Task directions. Given the records below, the lines starting at the line with "Хэллоуин карнавала Марди" and ending at the line with "Mat Zwarte Keuken" should be output exactly, both end lines kept and pictures left out.

Dataset entries.
——————————

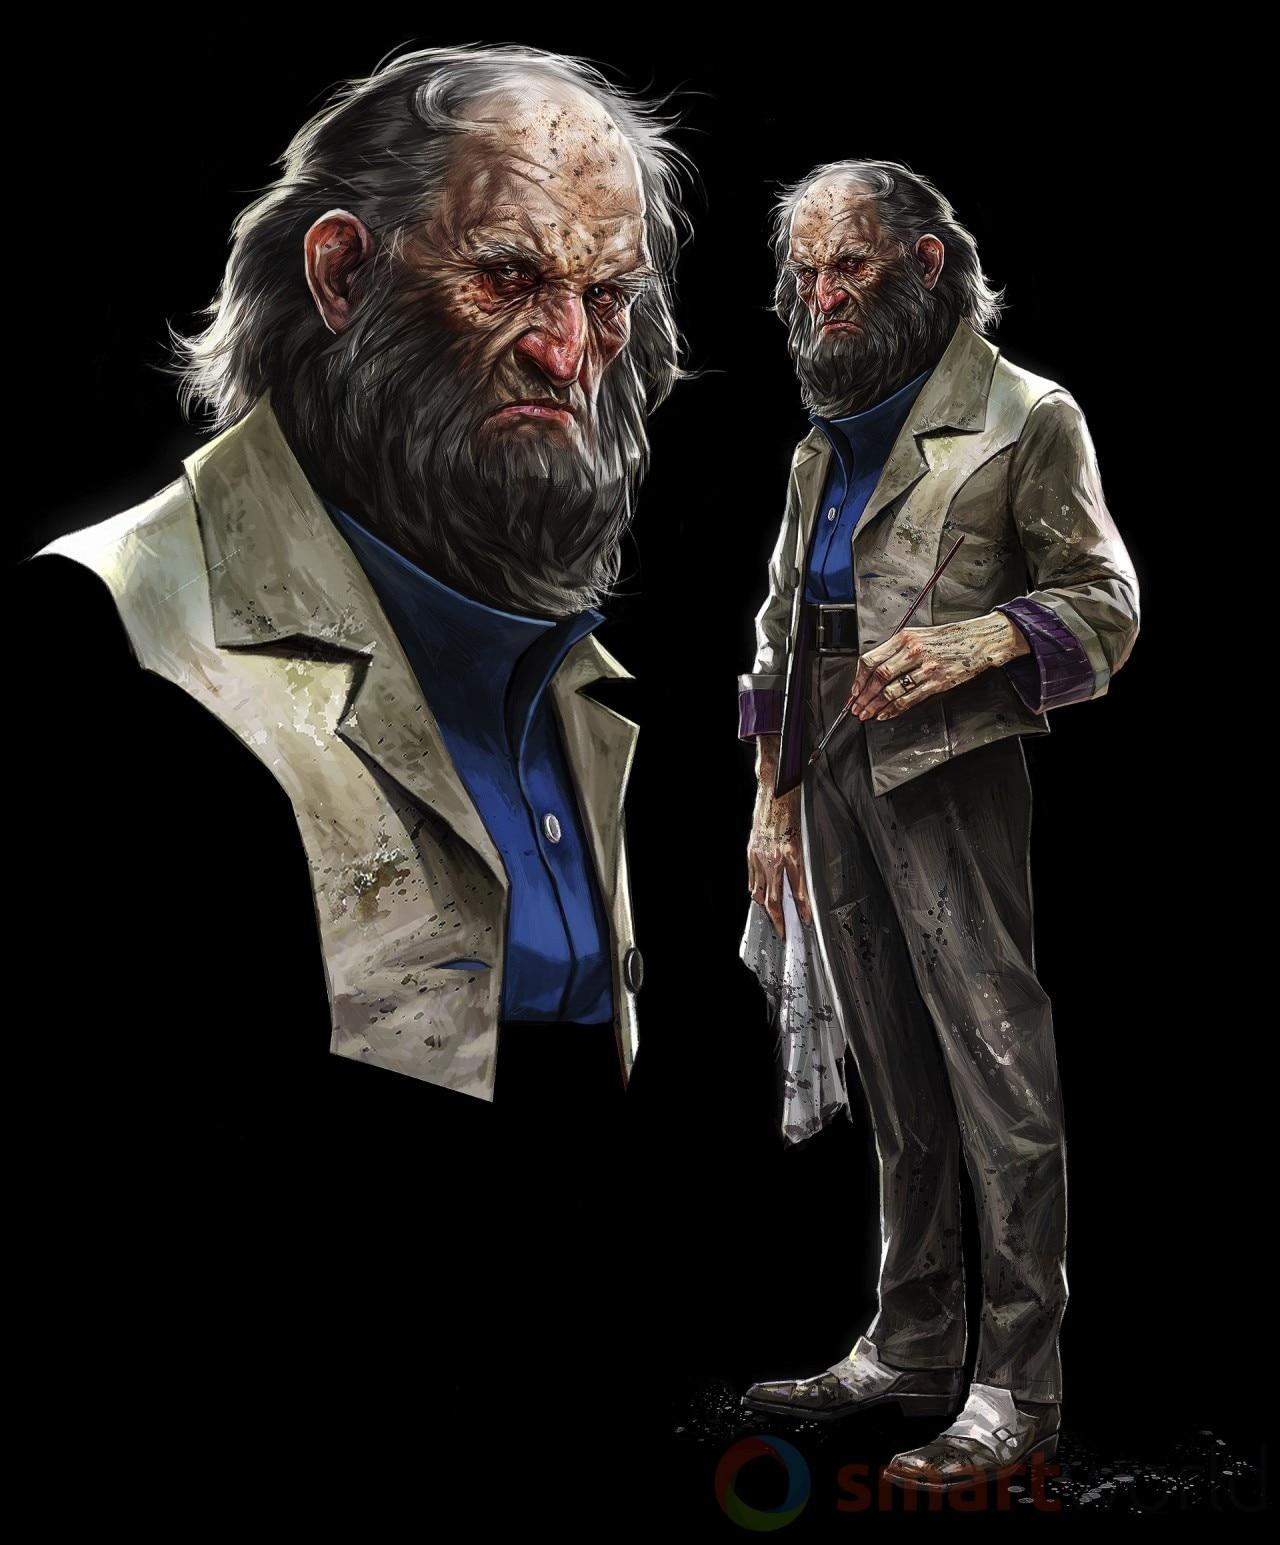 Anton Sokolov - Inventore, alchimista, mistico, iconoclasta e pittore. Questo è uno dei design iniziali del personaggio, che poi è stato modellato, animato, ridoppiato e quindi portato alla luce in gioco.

——————————

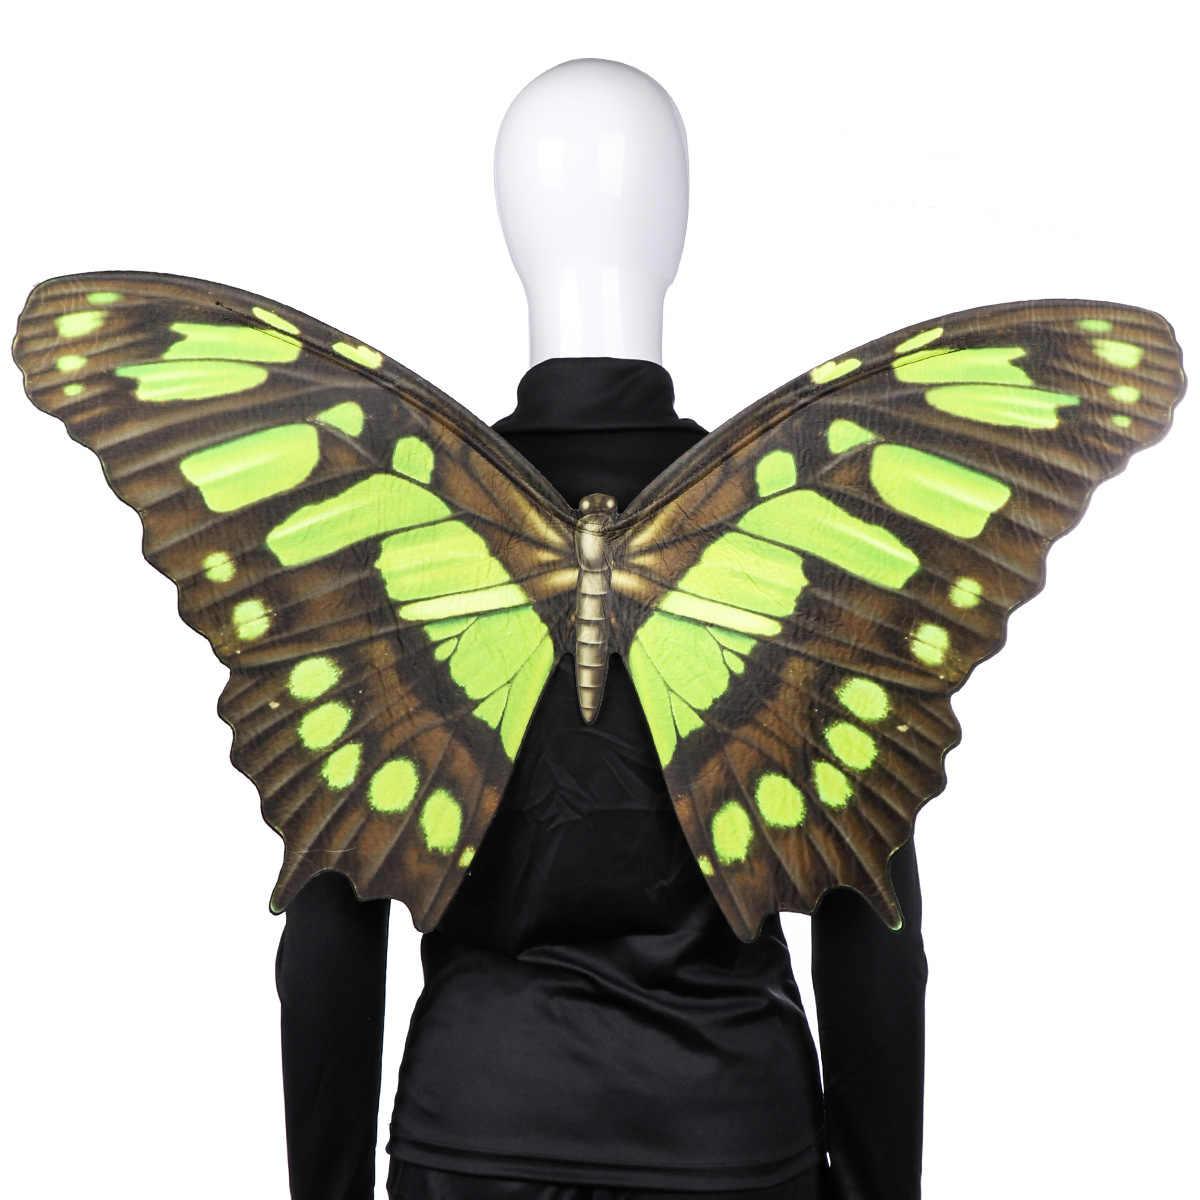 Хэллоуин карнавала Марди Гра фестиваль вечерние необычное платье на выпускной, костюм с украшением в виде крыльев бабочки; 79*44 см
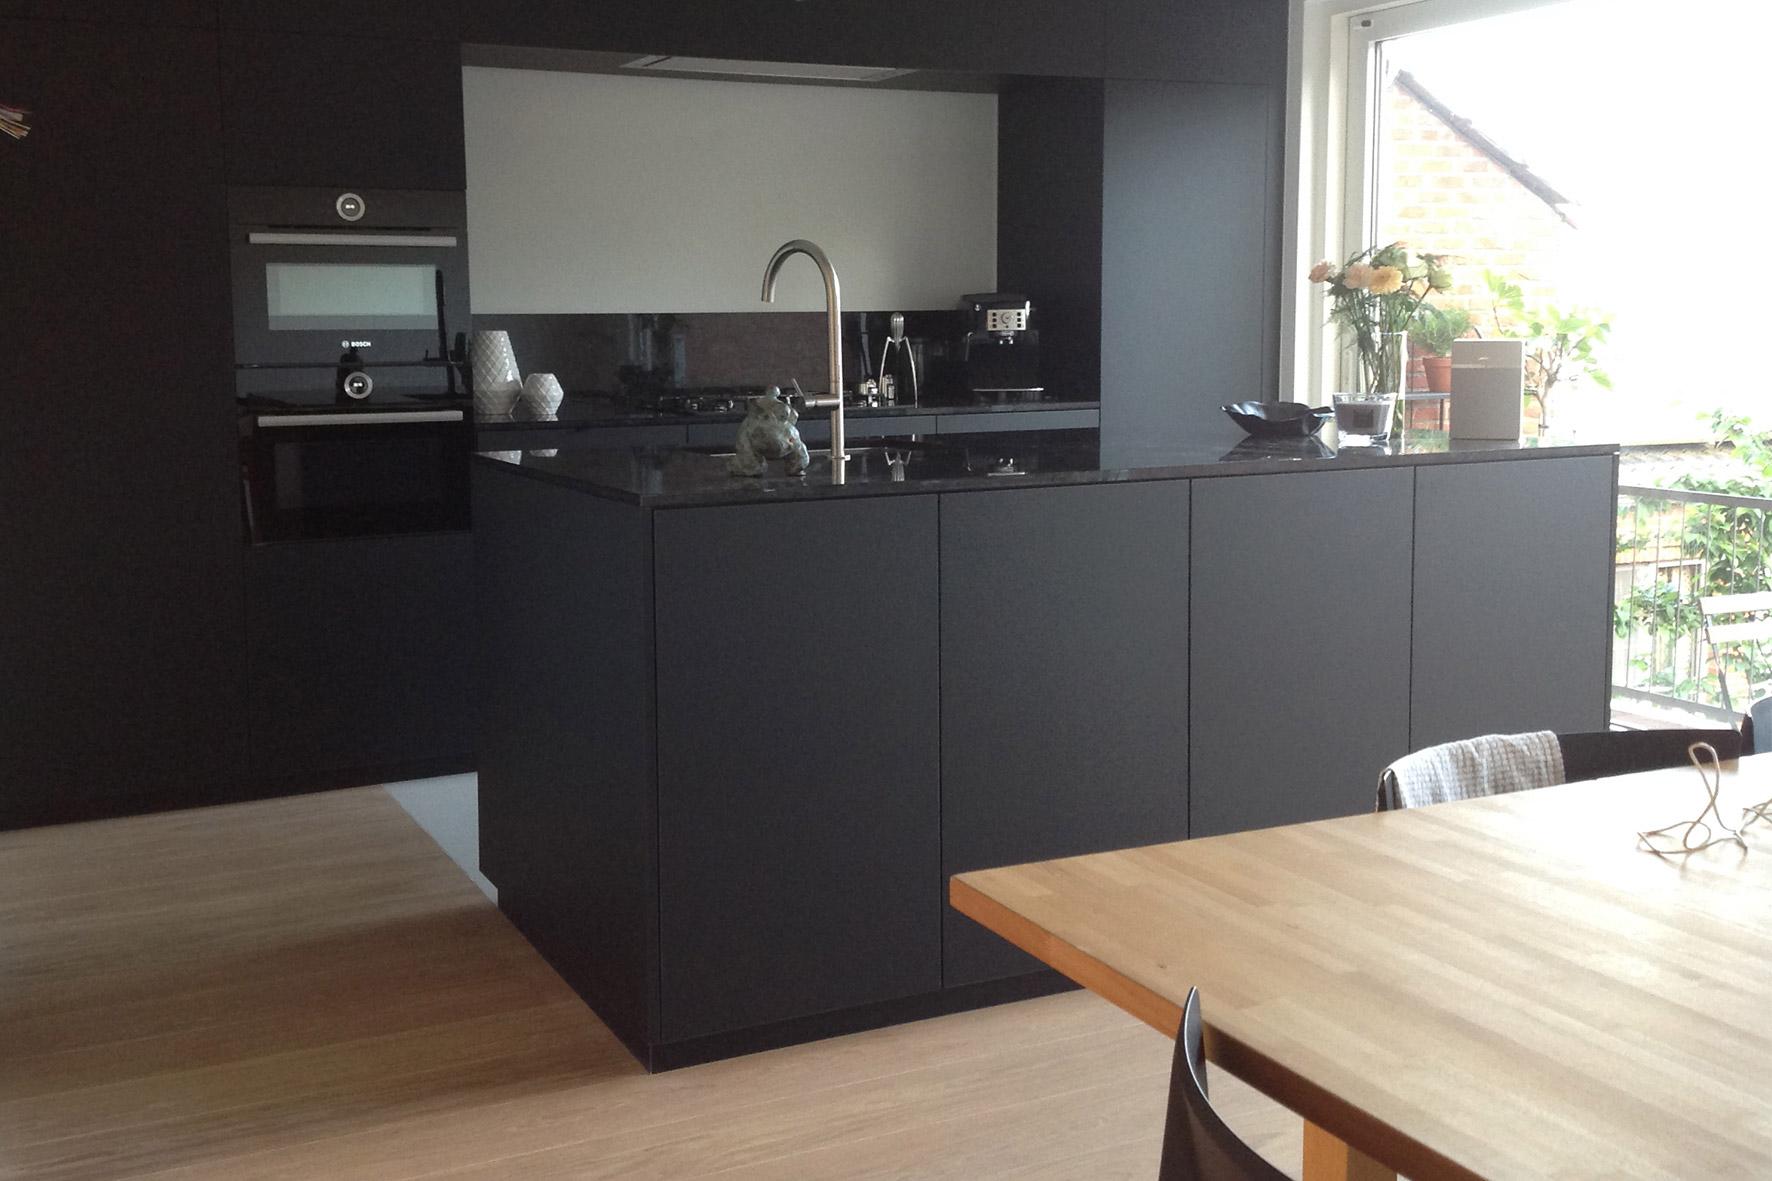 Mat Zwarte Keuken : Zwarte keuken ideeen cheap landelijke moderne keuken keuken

——————————

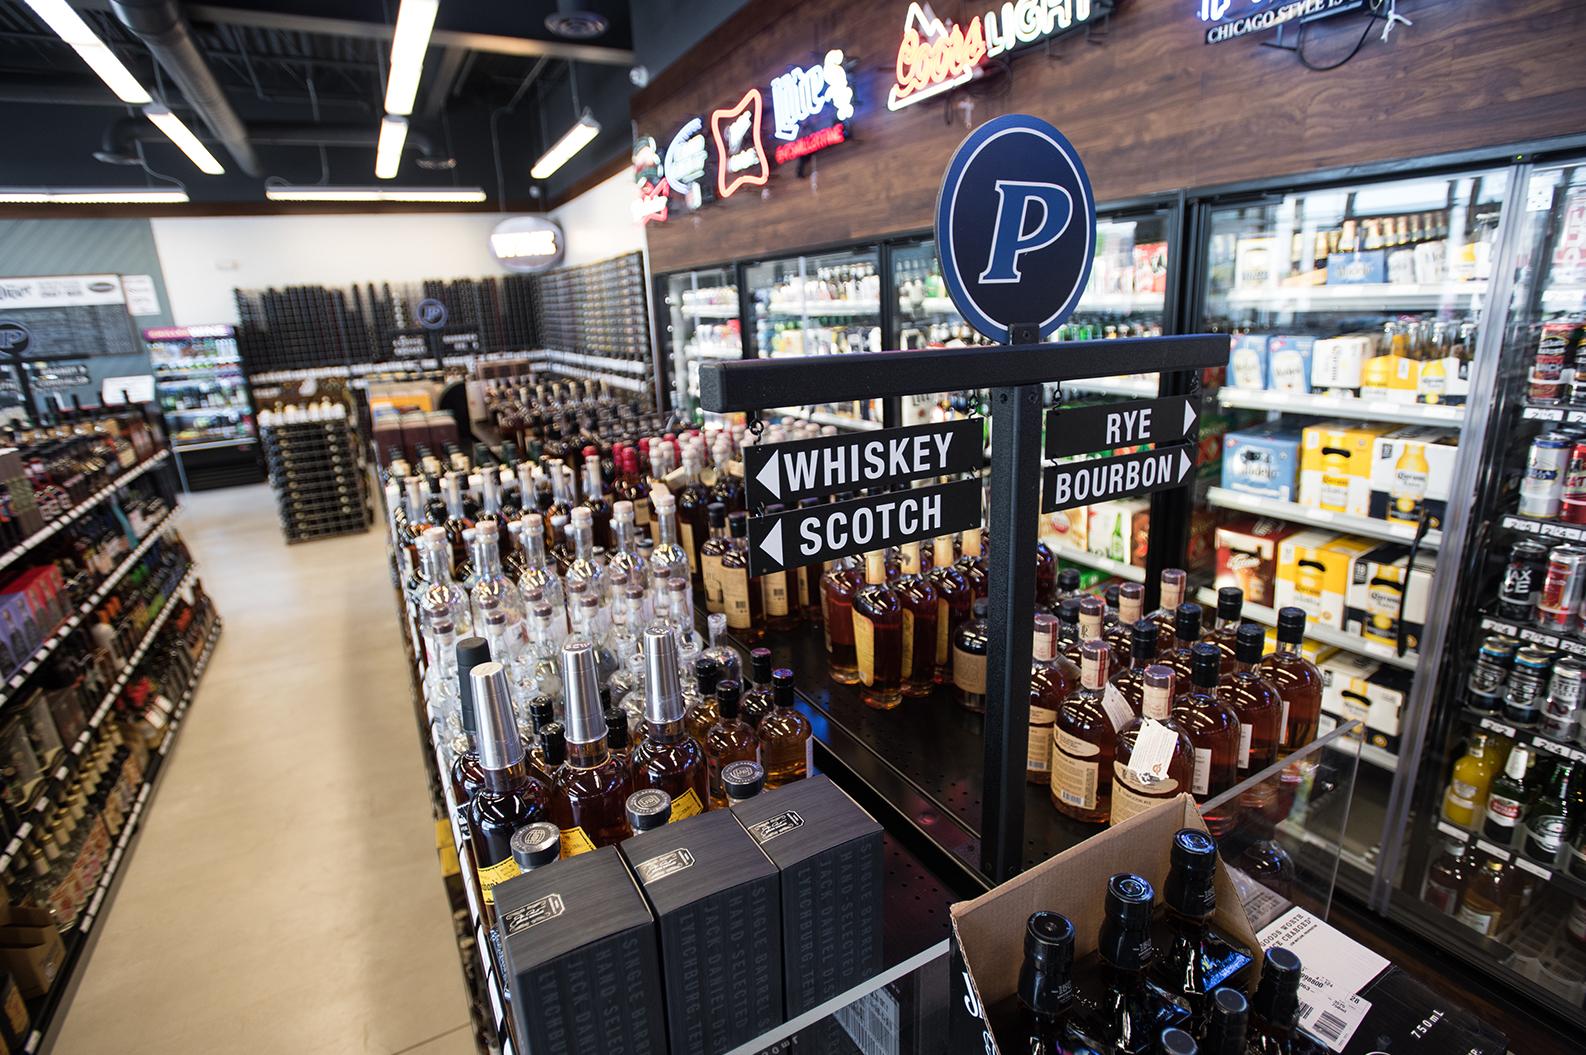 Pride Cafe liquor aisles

——————————

Solved problem.
 Хэллоуин карнавала Марди Гра фестиваль вечерние необычное платье на выпускной, костюм с украшением в виде крыльев бабочки; 79*44 см
 Mat Zwarte Keuken : Zwarte keuken ideeen cheap landelijke moderne keuken keuken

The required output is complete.